**RAW DATA**

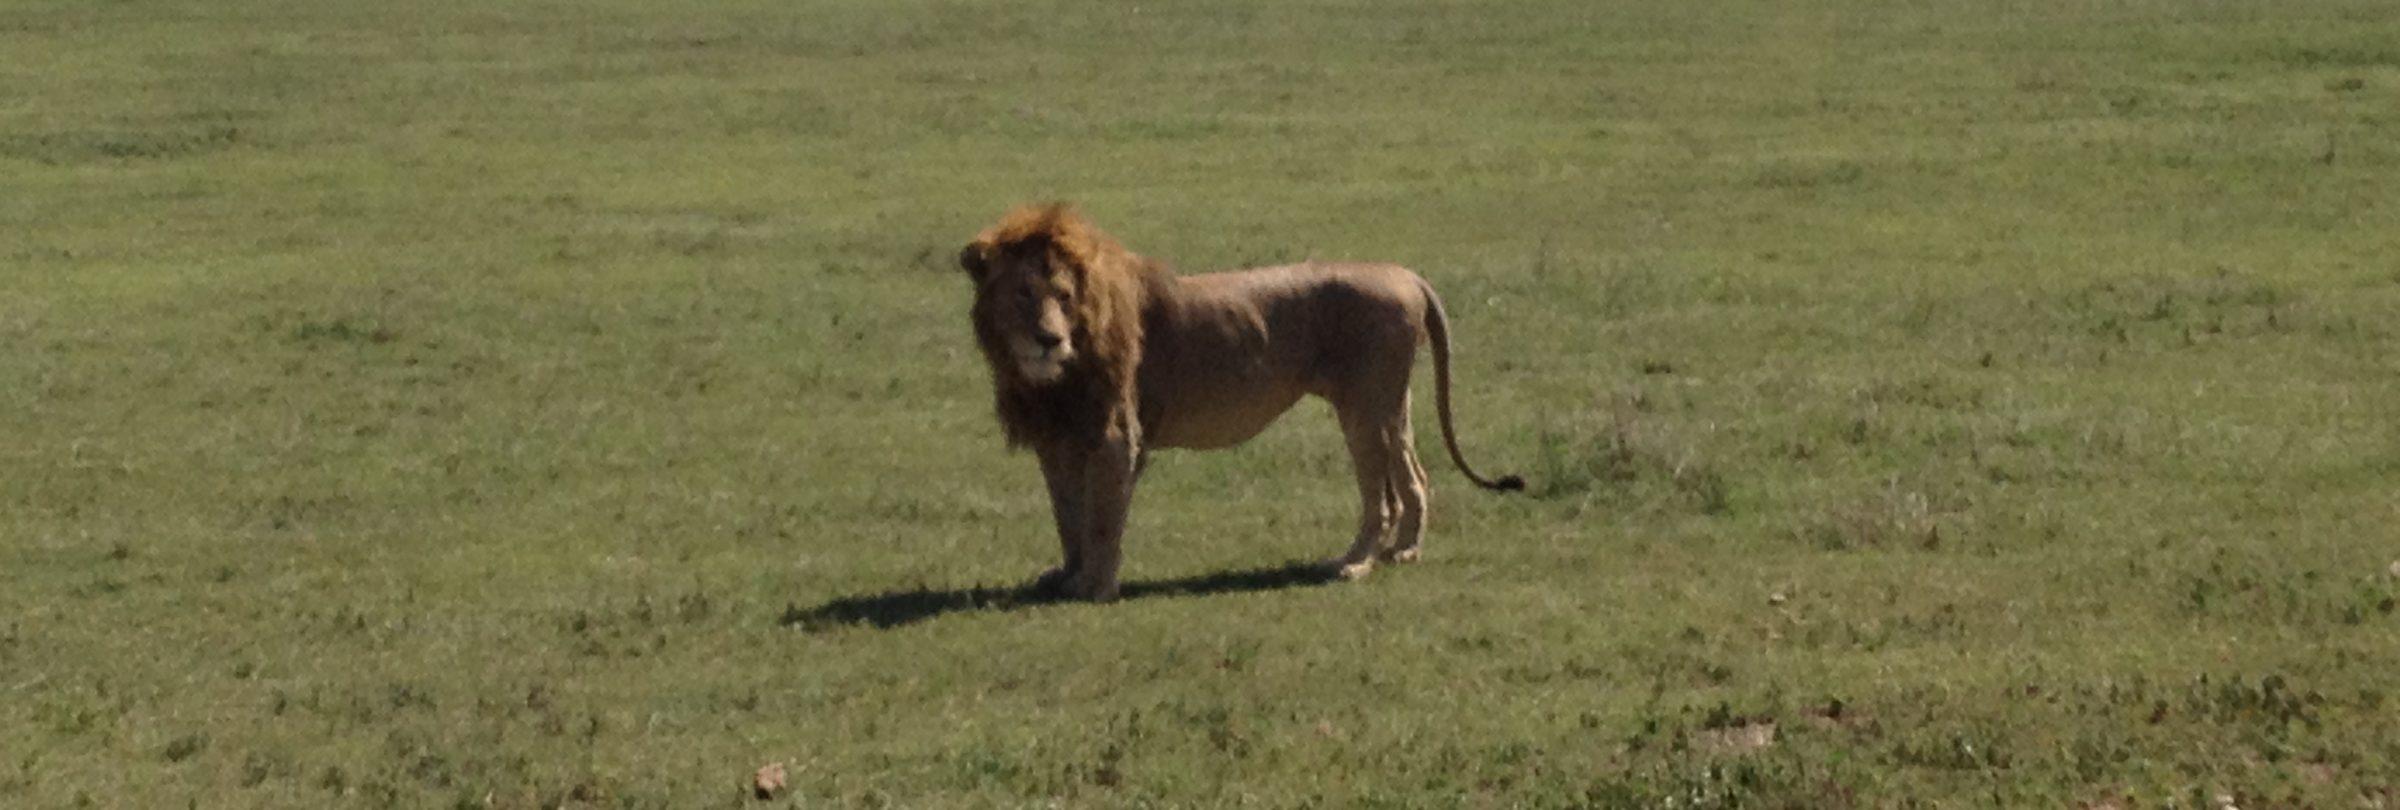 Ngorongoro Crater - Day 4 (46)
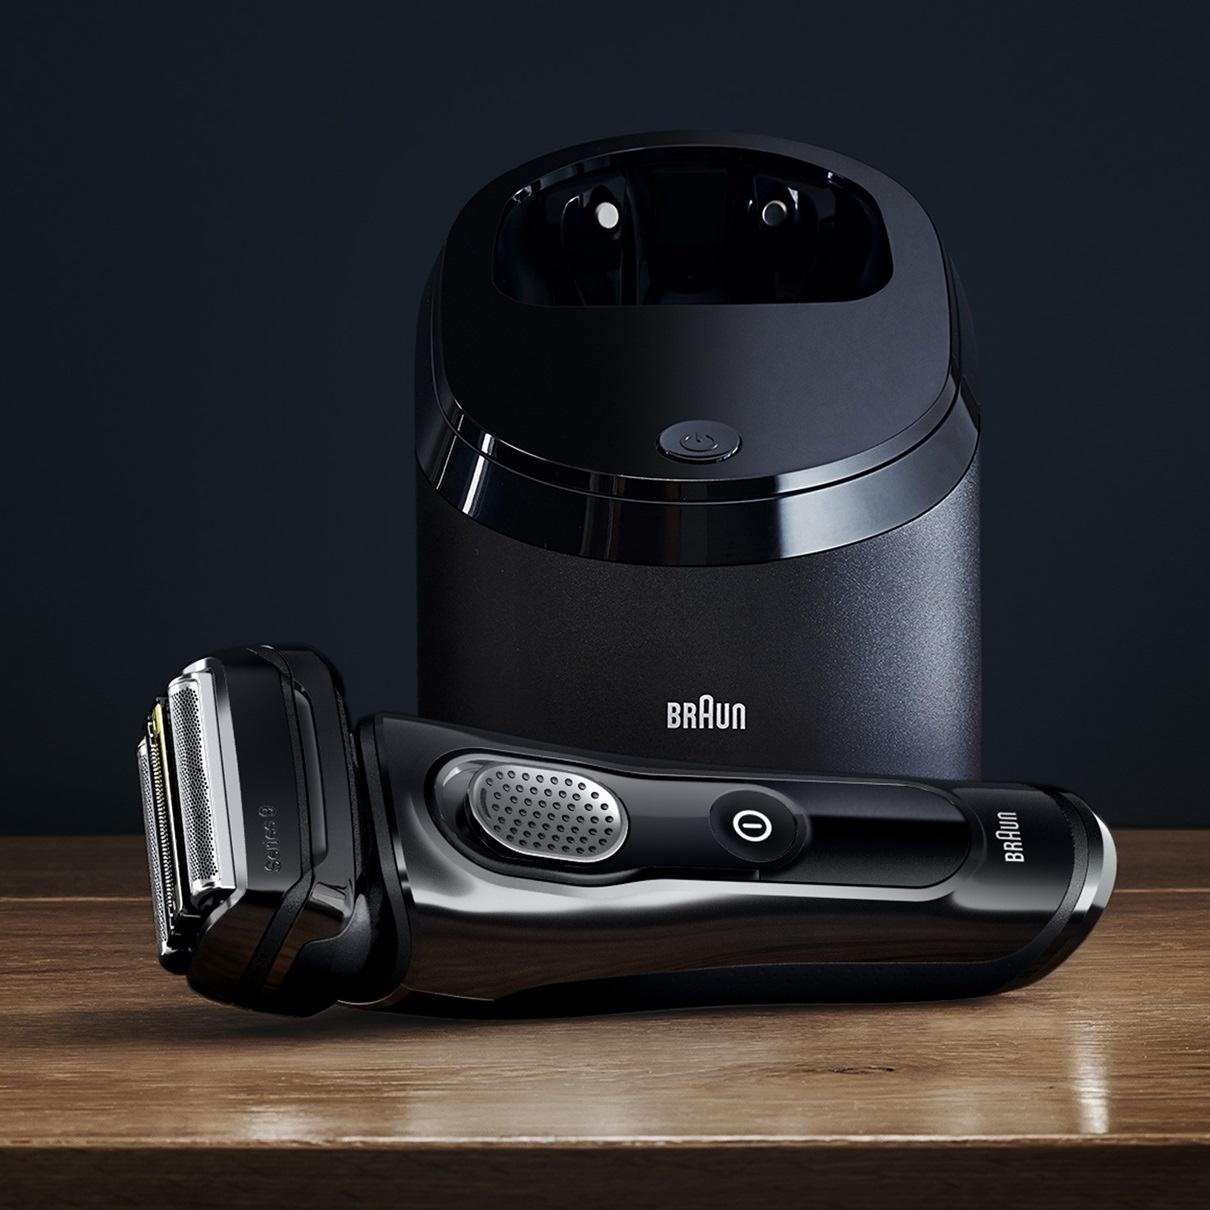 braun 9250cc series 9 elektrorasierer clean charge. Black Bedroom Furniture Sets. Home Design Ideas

* * *

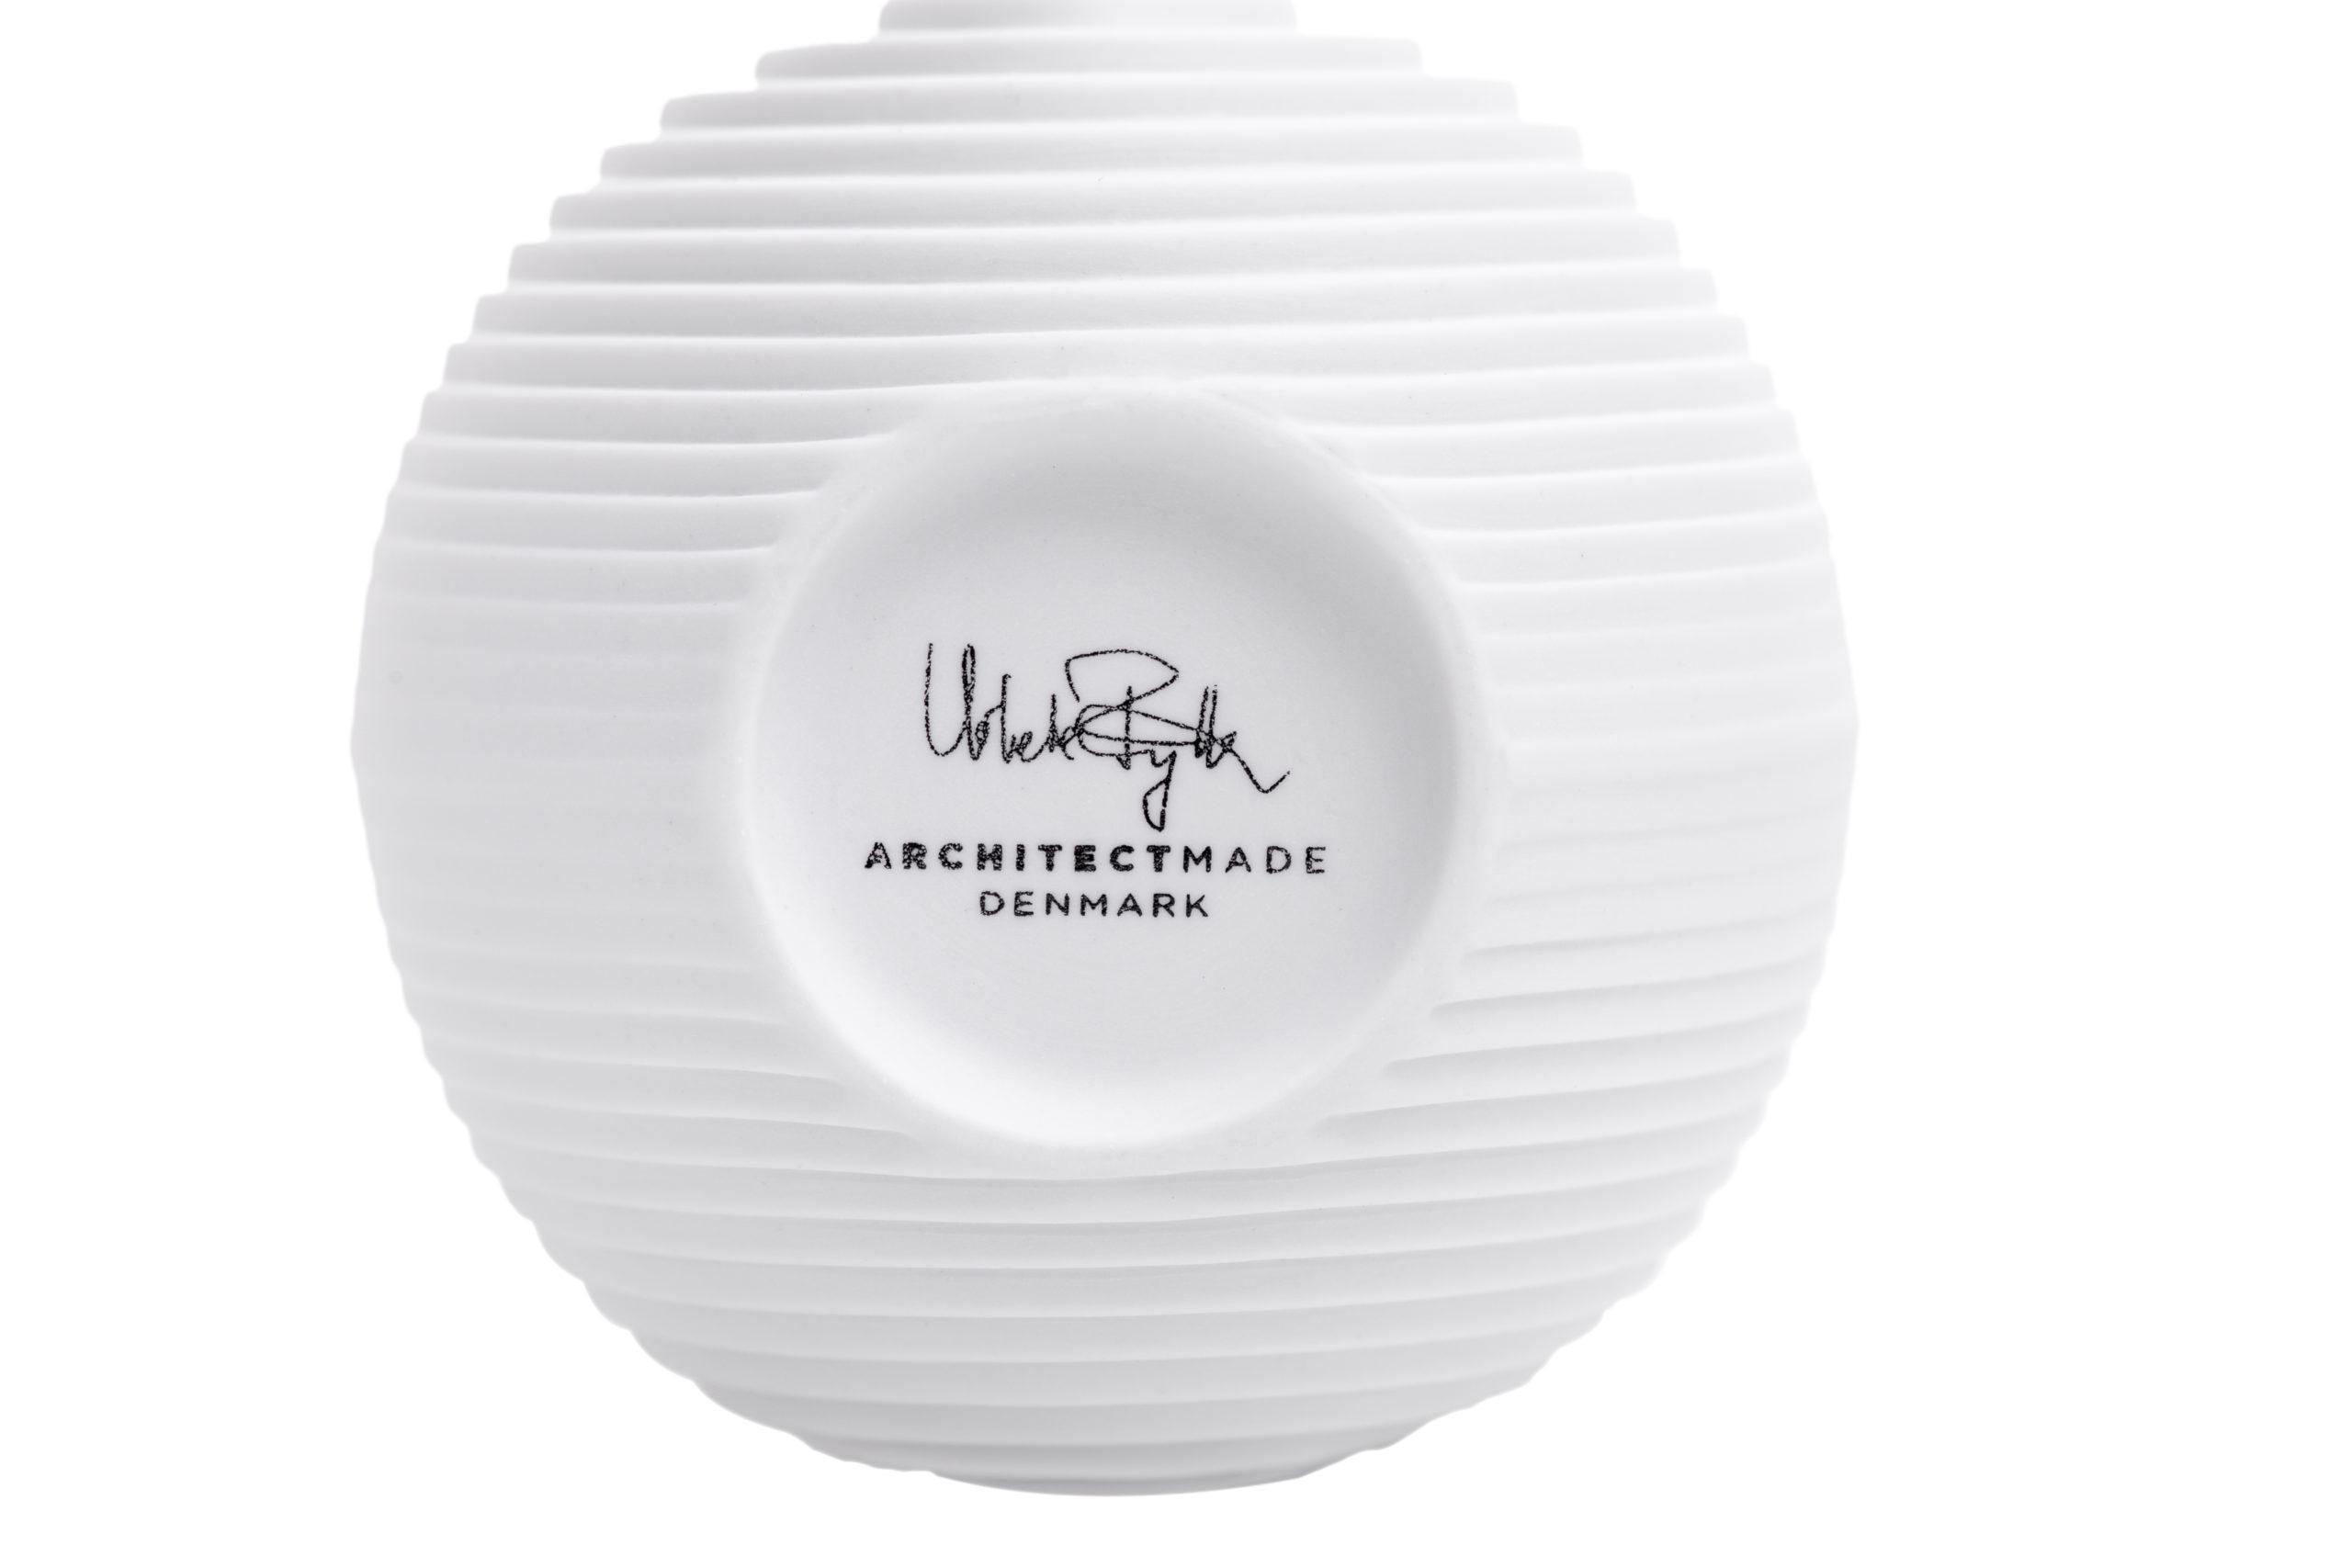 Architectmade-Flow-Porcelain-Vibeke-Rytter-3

**EXERCISE**
Between and including the line with "Ngorongoro Crater - Day 4 (46)" and the line with "braun 9250cc series", repeat every line exactly as it appears above, with pictures left out.

**THE ANSWER**
 Ngorongoro Crater - Day 4 (46)
 braun 9250cc series 9 elektrorasierer clean charge. Black Bedroom Furniture Sets. Home Design Ideas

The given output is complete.